— Варю ты б и сам прооперировать мог. Опухоль небольшая, метастазов нет. Я уверен, всё пройдёт штатно, — Олег, хоть и был младше Егора на пятнадцать лет, говорил ему «ты», на что Егор и не думал обижаться. И дело было не только в том, что Мельников в свои тридцать три года успел допрыгнуть до должности главврача, и не только в снобизме Олега, к снобизму тоже привыкаешь, дело было в том, что и за этим «ты», и за показной надменностью, и за чувством превосходства, которое Мельников никогда и не думал скрывать, за всем этим стояла надежда.
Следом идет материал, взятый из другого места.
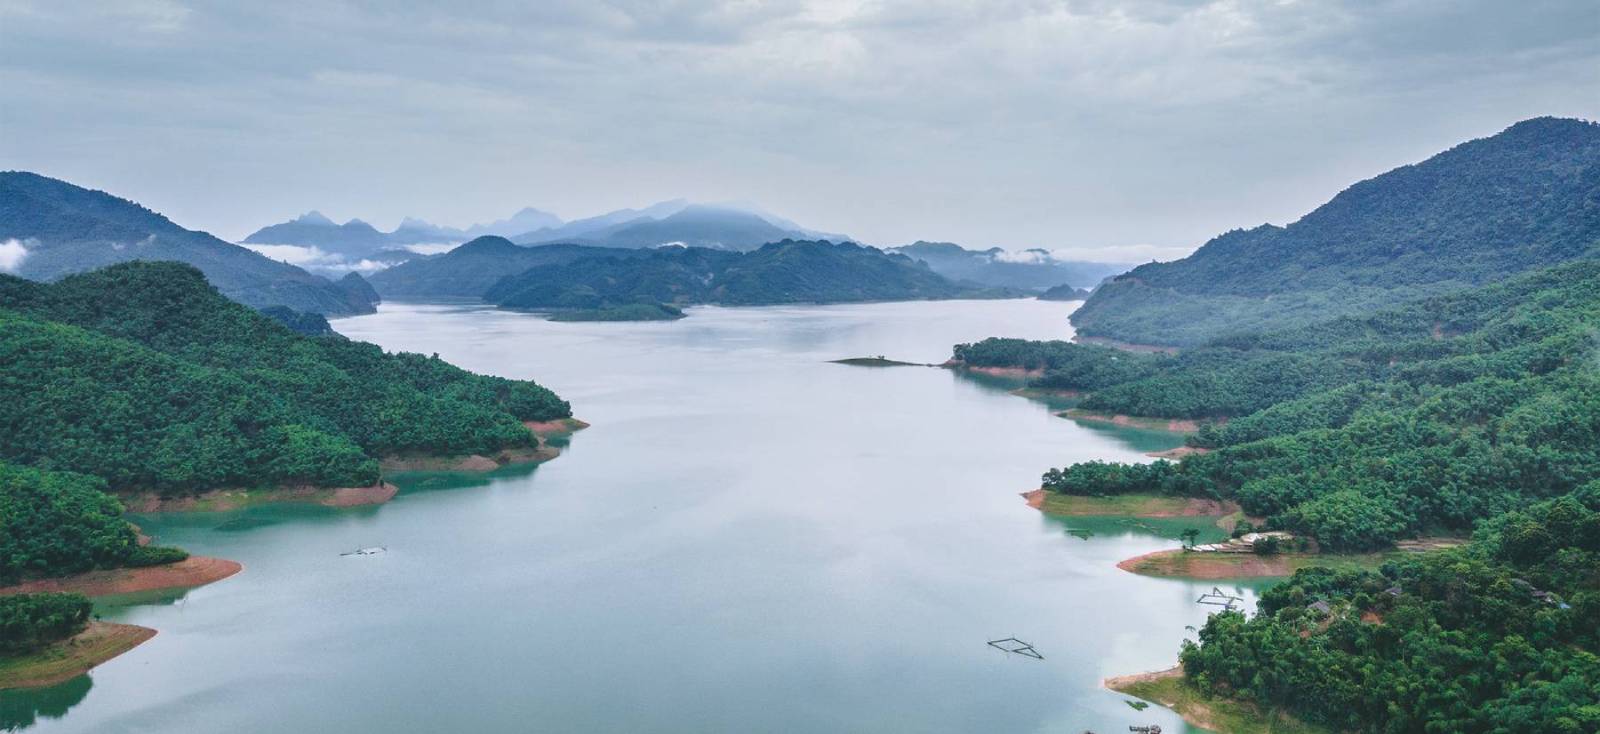 Hoa Binh Lake

Надежда, за которую люди часто цеплялись, как за последнюю соломинку, и за которую ухватился и он, Егор.
— Нет, Олег, не смогу. Не то, что боюсь, что рука дрогнет, просто не смогу.
Они стояли в коридоре, возле окна, огромного, в грязноватых подтёках снаружи. С их двести тринадцатого видно было лишь небо, голубовато-серое, монотонное, да узкая полоска тяжёлой и тёмной воды на линии горизонта. До одури осточертевший пейзаж.
Егор действительно не боялся, что дрогнет рука, и будь на месте его Вари другая женщина, он, возможно так же, как Олег, спокойно пожал бы плечами — рядовая же операция, но в том-то всё и дело, что Варя другой женщиной не была.
Егор Ковальков женился поздно, почти в сорок, и как-то нечаянно. Невысокий, худой, в молодости даже щуплый — такие как он и в тридцать лет со спины кажутся подростками, с рано наметившимися залысинами и большими некрасивыми руками, Егор у женщин популярностью не пользовался. Стеснялся, двух слов связать не мог и, махнув на себя рукой, полностью погрузился в работу, благо хоть работа доставляла удовольствие. Оперировал, частенько оставался на ночные дежурства вместо более удачливых в личной жизни товарищей, оставался охотно, по своей воле, потому что какая разница, на какой кушетке коротать ночи — в ординаторской или в своей холостяцкой квартире, если уж всё равно бок рядом никто не греет. И неизвестно, докуда бы он дошёл в своей аскезе, если б соседка по отсеку не сосватала ему Варю, маленькую, востроносую и некрасивую, похожую на юркую, испуганную птичку, и Егор сдался, сказал себе: ну пусть хоть такая жена, раз другой ему судьба всё равно не дала. Не обязательно же любить.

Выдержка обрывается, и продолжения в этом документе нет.